Утром мне сообщили, что корреспонденты уже собрались.

Но не успел я выйти из палатки, как встретил генерала Файербресса. Он был явно чем-то озабочен.

— Простите, сэр, — начал он, как только мы обменялись приветствиями, — я бы хотел знать, о чем вы собираетесь беседовать с журналистами.

— Пожалуйста, генерал, — и я протянул ему текст заявления.

Он надел очки и принялся читать. Его лицо заметно бледнело — текст явно пришелся генералу не по душе.

В моем заявлении говорилось: «Советская военная миссия ознакомилась с положением дел на союзническом фронте. Мы видели много современной могучей техники. Мы почувствовали боевой дух солдат и офицеров. Мы видели, как прекрасно организованы службы снабжения...

Но мы видели также и слабые, оголенные позиции немцев. И нам непонятно, почему союзники топчутся на месте...»

Текст я привожу по памяти. Но, ей-ей, я не далеко отошел от подлинника.

Генерал Файербресс снял очки, свернул бумагу и мрачно изрек:

— С таким заявлением мы не согласны. Вряд ли вам имеет смысл выступать на пресс-конференции.

— Но почему, генерал? Я был предельно объективен.

— Нет, нет, пресс-конференцию придется отменить.
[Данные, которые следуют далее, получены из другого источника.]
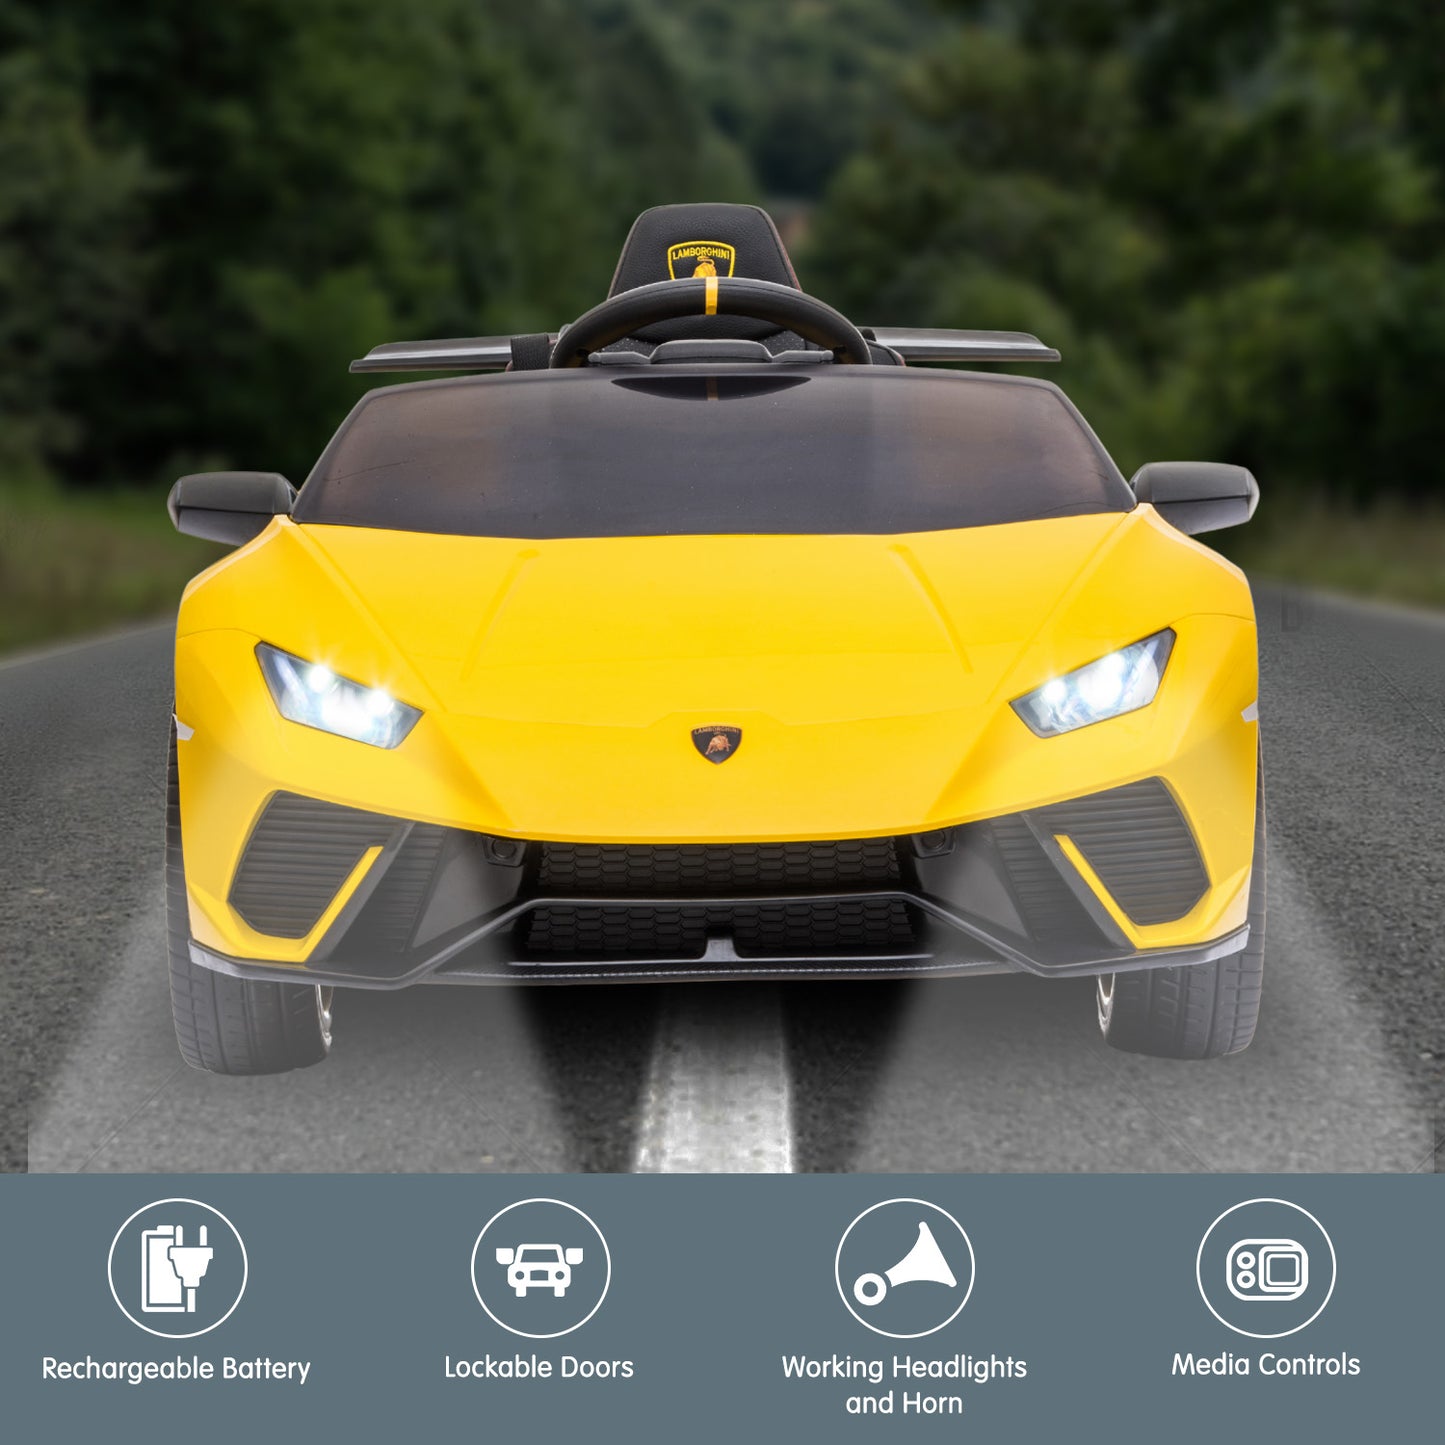 Lamborghini Performante Kids Electric Ride On Car - Yellow

— Ваше дело, генерал. Только прошу сообщить журналистам, что отменили ее вы, а не я.

Генерал было попытался возражать, желая создать у корреспондентов впечатление, что, мол, во всем виноват советский адмирал. Но я все-таки настоял на своем. Мы вышли в зал, где находились журналисты, и Файербресс вынужден был во всеуслышание объявить, что пресс-конференция отменяется по его решению.

Журналисты были разочарованы, а к еще раз убедился, какую нечестную игру вел мой «опекун».
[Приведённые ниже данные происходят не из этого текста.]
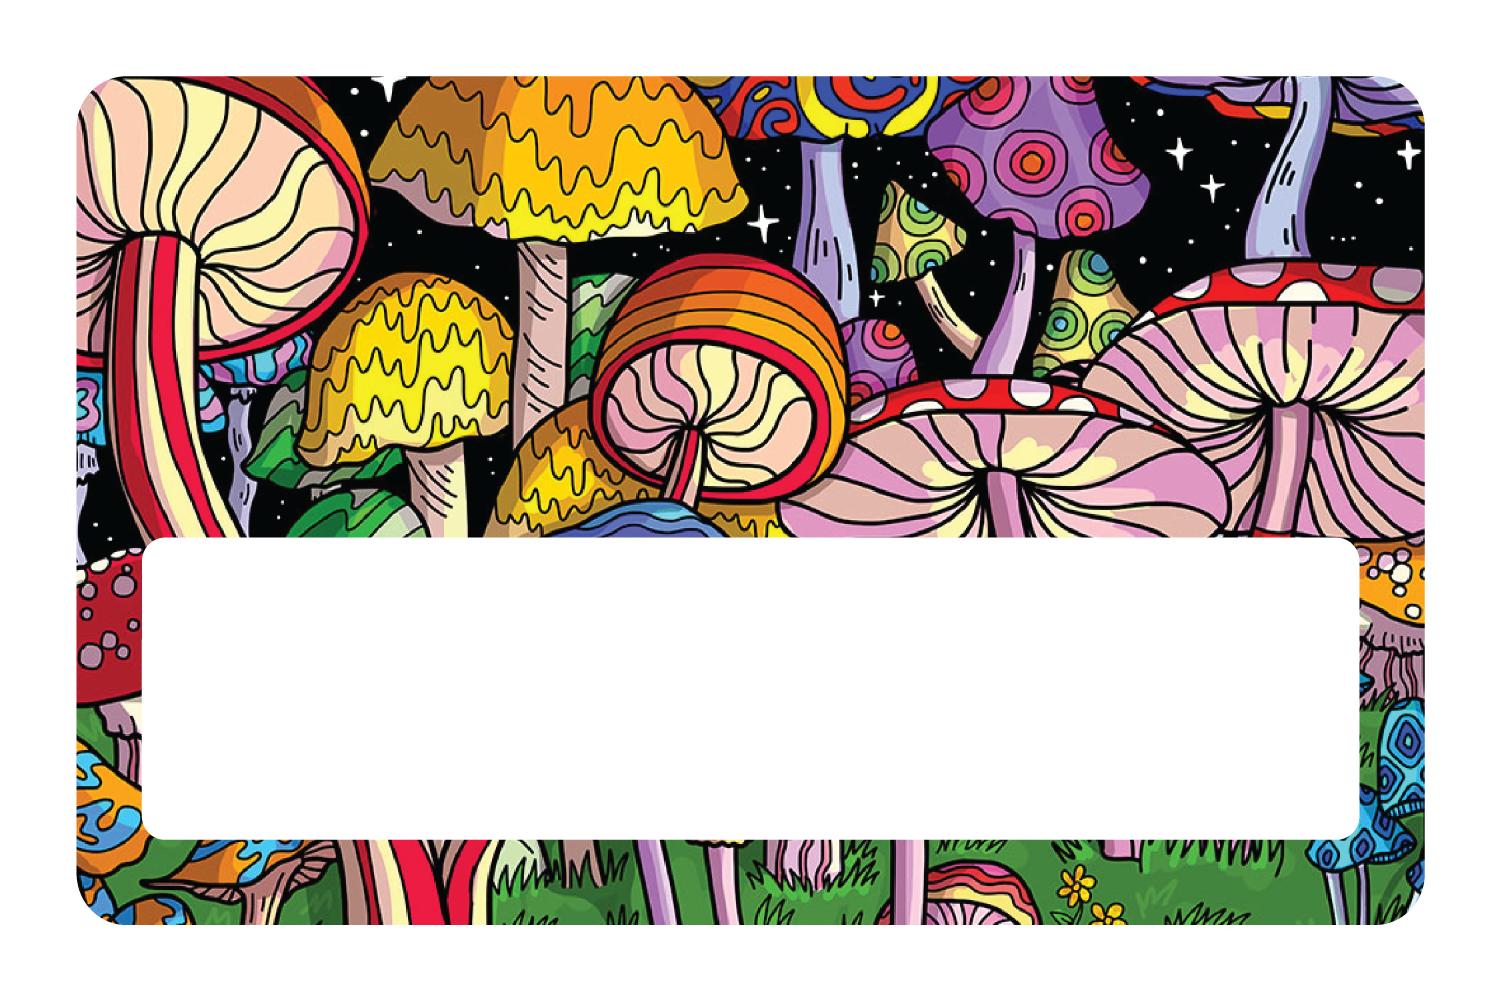 Mushroom Forest

Перед отъездом Монтгомери дал в честь советской военной миссии прощальный обед. Тепло попрощавшись с фельдмаршалом и его соратниками, мы выехали в небольшой французский порт, а оттуда — в Портсмут и Лондон.
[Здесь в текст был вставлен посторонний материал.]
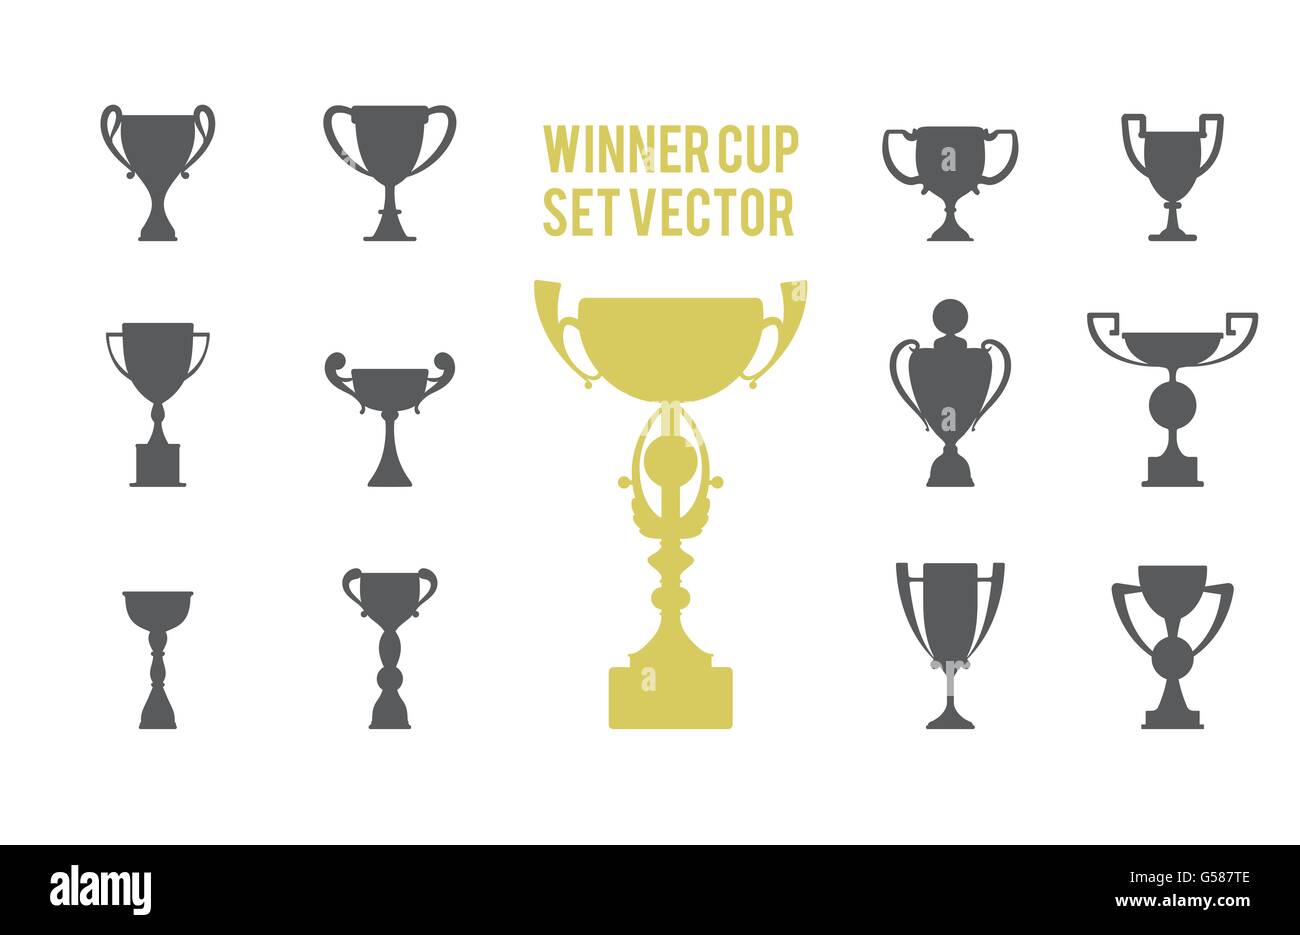 winner cup icon set championship reward vector Stock Vector

Итак, второй фронт, хотя и с огромным опозданием, открыт. Союзники пока что медленно, но все же продвигались к границам Германии. А тем временем советские войска, сражаясь с главными силами противника, почти полностью освободили Белоруссию, Украину, Прибалтику, Молдавию, не только вышли к Государственной границе СССР, но и приступили к выполнению своей интернациональной миссии — освобождению европейских стран от гитлеровской тирашга.

В воздухе пахло волнующим запахом Победы.

Возвратившись из поездки по фронту, я послал телеграмму наркому иностранных дел, еще раз напомнил о своей просьбе. Вскоре пришел положительный ответ.

Я нанес прощальные визиты английским официальным лицам, с которыми приходилось часто встречаться по делам службы: Идену, Александеру, Бивербруку, Аллену Бруку, Артуру Харрису...

Как водится, в посольстве и миссии устроили прощальный прием. И вот уже машина мчится на аэродром, где меня поджидает бомбардировщик. Взревели моторы, самолет взмыл, развернулся над аэродромом и лег на курс.

Я подошел к иллюминатору: внизу сквозь разрывы облаков виднелись причудливые очертания берегов Англии.

Прощай, Лондон! Прощай, Британия! Счастья твоему народу! Он заслужил это своей упорной борьбой против фашизма!